- Aim of the task: Exactly the lines below from the one with "Regina Engagement Photographer" up to and including the one with "Dancing illustration Stock Vector - 10969395" make up the answer, with nothing else added.

- Data shown:

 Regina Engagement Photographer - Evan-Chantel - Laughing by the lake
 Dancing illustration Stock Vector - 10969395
* * *
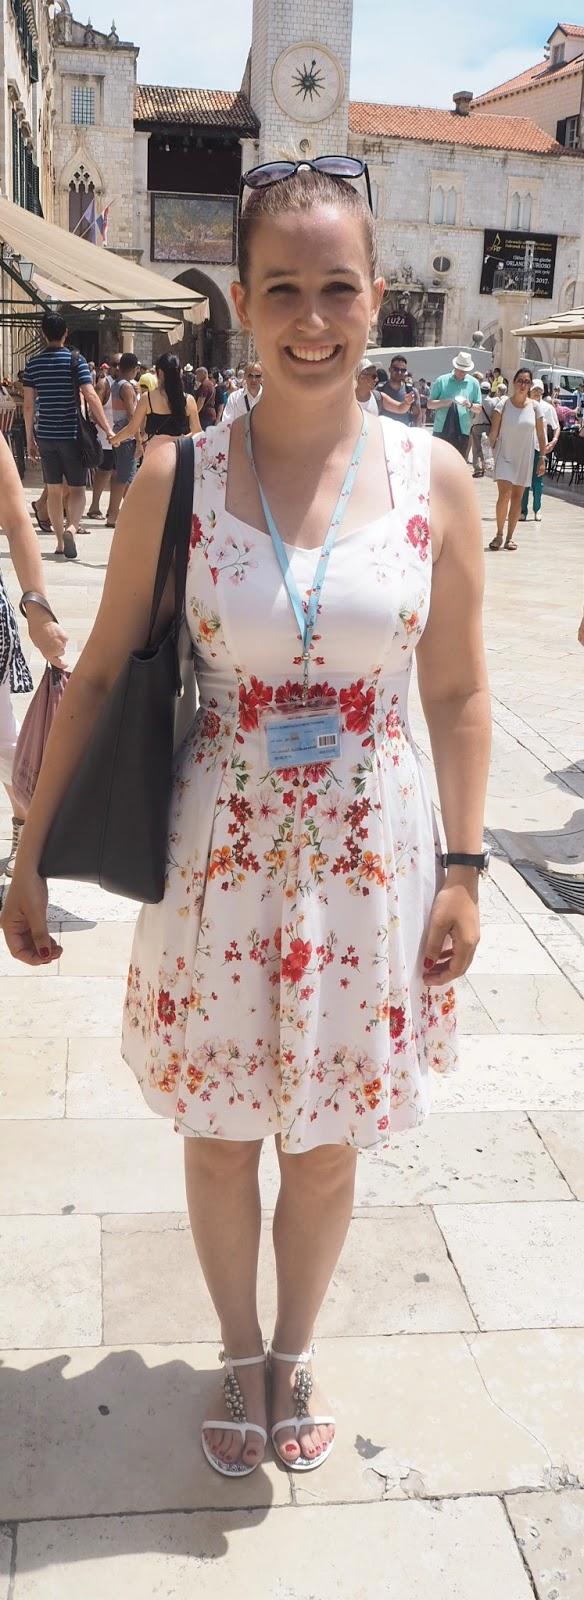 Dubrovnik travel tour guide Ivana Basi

- Response to this exercise:
 Regina Engagement Photographer - Evan-Chantel - Laughing by the lake
 Dancing illustration Stock Vector - 10969395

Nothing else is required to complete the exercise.